I would argue that unnecessary volume is in fact detrimental to stability in chop. A voluminous  board (with exposed deck and rails) will be affected by chop much more than lower volume board where rails are submerged. I find that the volume to weight ratio of around 1.1 (including the weight of a board and fins)  is the most optimal. My 130l JL Destroyer is my most stable board in rough, choppy and windy conditions. Much more stable that my higher volume (and wider) SUP Sports Stoke board. For reference I am 240 pounds and 6'4.

This is an interesting take and as I read more it seems to be a popular opinion.  Our very limited experience has been that we've lost stability as we've gone down in volume.  Perhaps it's a result of our early stages of skill building.  Maybe I'll try my brother's 8'11" AllWave a bit and see how it goes.

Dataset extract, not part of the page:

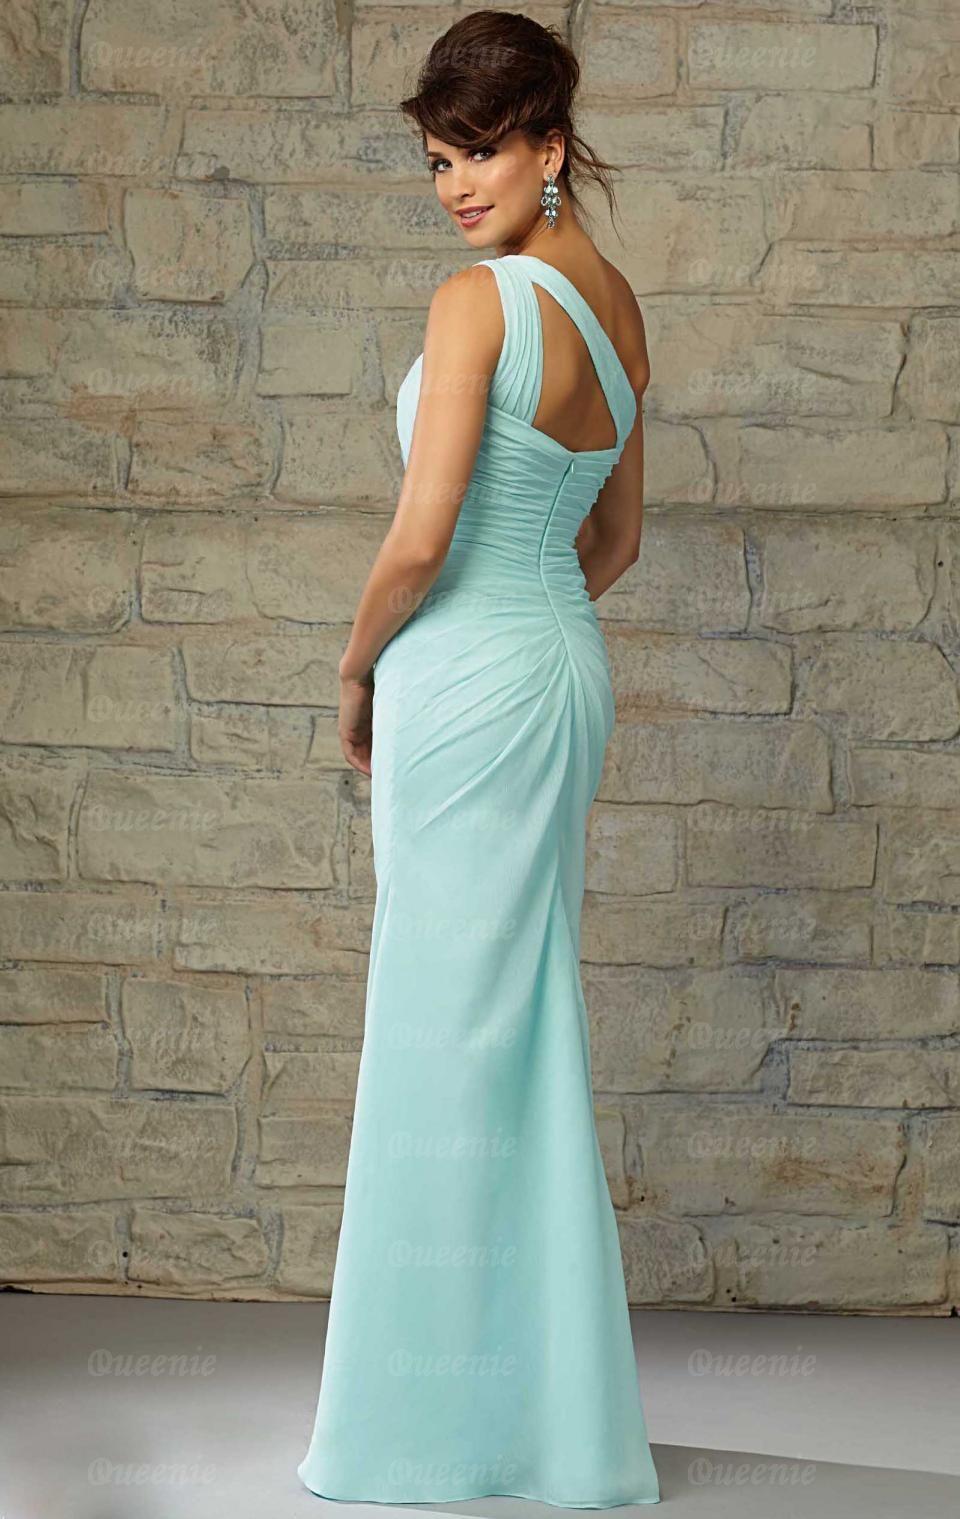 Unusual Chiffon Blue Green Bridesmaid Dresses BNNCA0004-Bridesmaid ...

Also, in my internet searching of various forums, the Sunova Shroom came up.  They have a dealer not too far from here.  I wonder how it paddles out through a beach break and handles head high waves.  I've had a tab open with the Destroyer on it for about a month now.  Shipping to Vancouver Island is likely a bit of an issue.  We have a cottage on the Big Island, but it's rented out currently.  If I ordered a board at a time when we are there it would be so easy with JL on Oahu.  A local shop here carries Starboard which makes the Whopper Jr. attractive (I found the whopper very easy to tail turn).